Across Succession’s four seasons, we went from laughing at the absurd excesses of the Roy family to caring about them. Kendall Roy is introduced to us as an entitled, self-important nepo baby with daddy issues. But as you get to know him, and see the emotional void filled with trauma and substance abuse, you can’t help but empathize with him.

Succession Both Satirizes & Sympathizes With The One Percent

Logan looking stern in Succession

As the divide between the haves and the have-nots is getting bigger and bigger, and daily out-in-the-open corruption proves that the uber-wealthy are above the law, Succession is only getting more and more relevant.
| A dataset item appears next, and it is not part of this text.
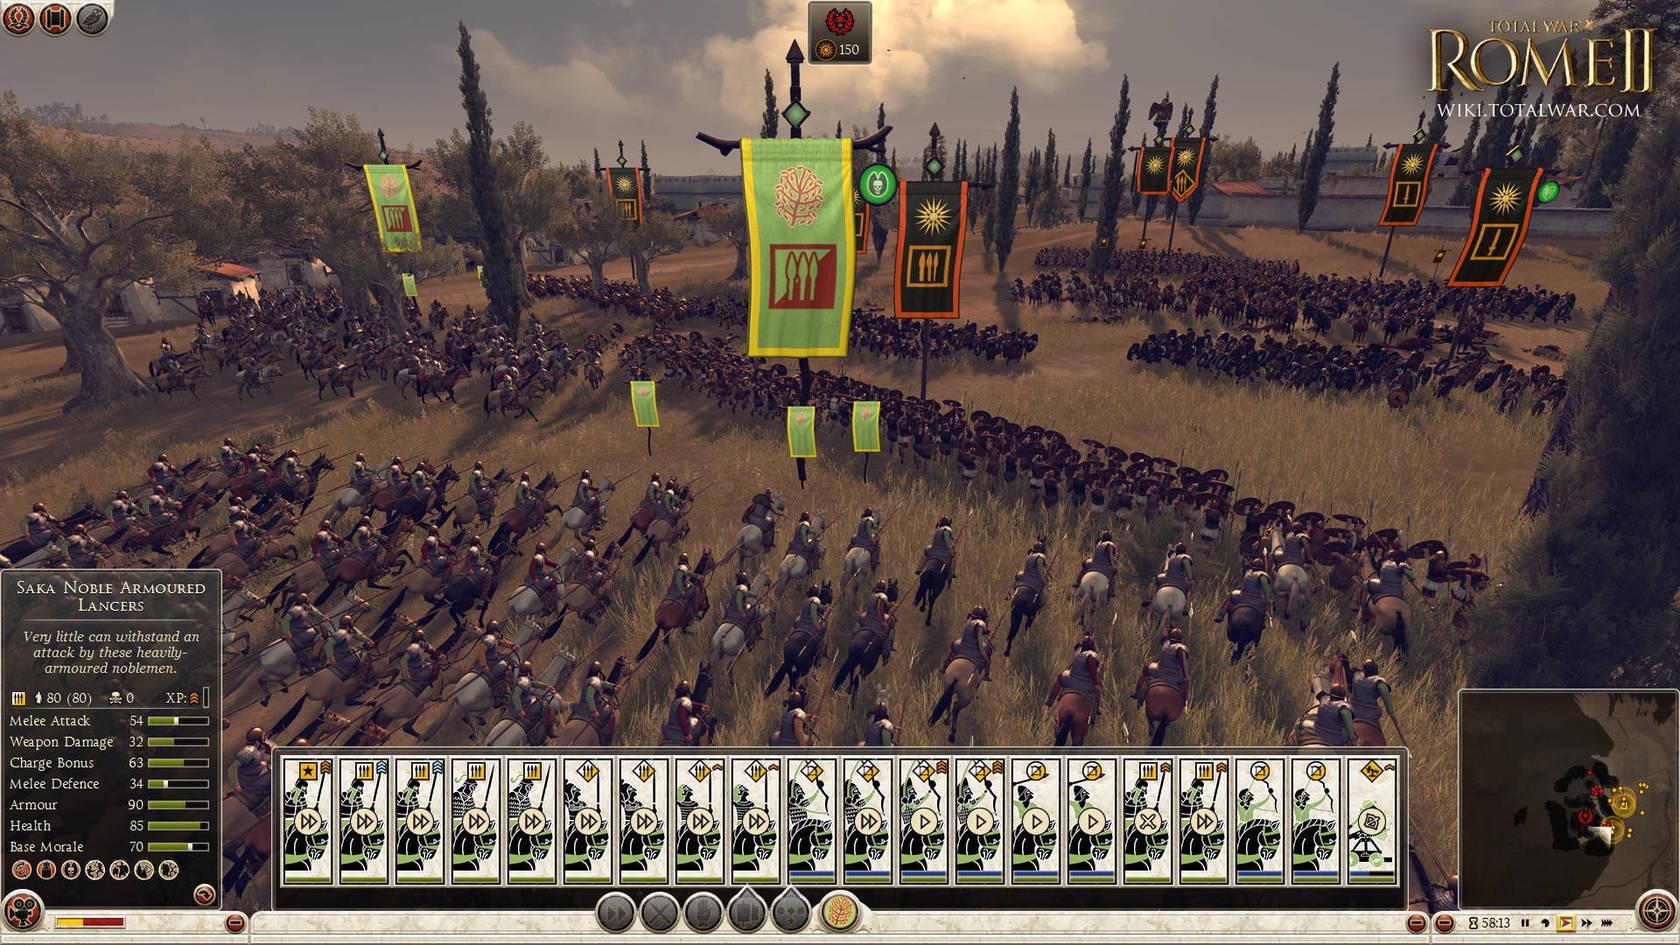 Total war: rome ii - beasts of war unit pack download 1.7.10

The horrifying details of the Epstein files make the Roy family’s cruise ship scandal look tame by comparison.

But, as much as Succession mocks the one percent (and does so with incisive wit), it also presents its out-of-touch one-percenter characters as real human beings with real feelings. They’re all a bunch of rich people who have personal chauffeurs to take them around town and have never set foot in a grocery store, but they have inherently human qualities that make them relatable in spite of that.

A lot of it comes down to the inherent lovability of the actors. Succession has a stacked cast, and everyone in the ensemble has an innate charm that makes them impossible to hate. Logan Roy is an abusive brute, but Brian Cox is dryly hilarious. Tom Wambsgans is a slimy, elitist, opportunistic sleazeball, but Matthew Macfadyen is irresistibly charismatic, and brings genuine vulnerability and insecurity to the character.

In essence, Succession gets to have its cake and eat it, too. It’s down in the muck with the peasants, pointing up at the ruling class and laughing at them. But it’s also up there in their ivory tower, showing that, despite how much money they have, their lives aren’t all that rosy either.

How Succession Makes You Empathize With Terrible People

Kendall sitting on a private plane in Succession

Much like Mad Men and The Sopranos, Succession pulls off the magic trick of making its audience empathize with terrible people. If you knew the Roys in real life, you’d hate them. In fact, their real-life analogues — the real billionaires destroying the world — are among the most hated people on the planet. But Succession allows us to see these characters behind closed doors, where they reveal a more human side.

It becomes clear early on that everyone in Succession is a broken person underneath their wealthy facade. Kendall is struggling with addiction, Roman has a mental block around intimacy, and the scars on Logan’s back indicate a truly horrific childhood. No one in Succession has a healthy relationship with another human being; all the relationships are either transactional or toxic.

For all their opulence, the Roy kids are all just desperately pining for Logan’s approval, which they’ll never get. Tom’s “the sad I’d be without you” monologue to Shiv encapsulates what makes Succession’s characters sympathetic despite their many glaring flaws. No amount of money can buy these people happiness.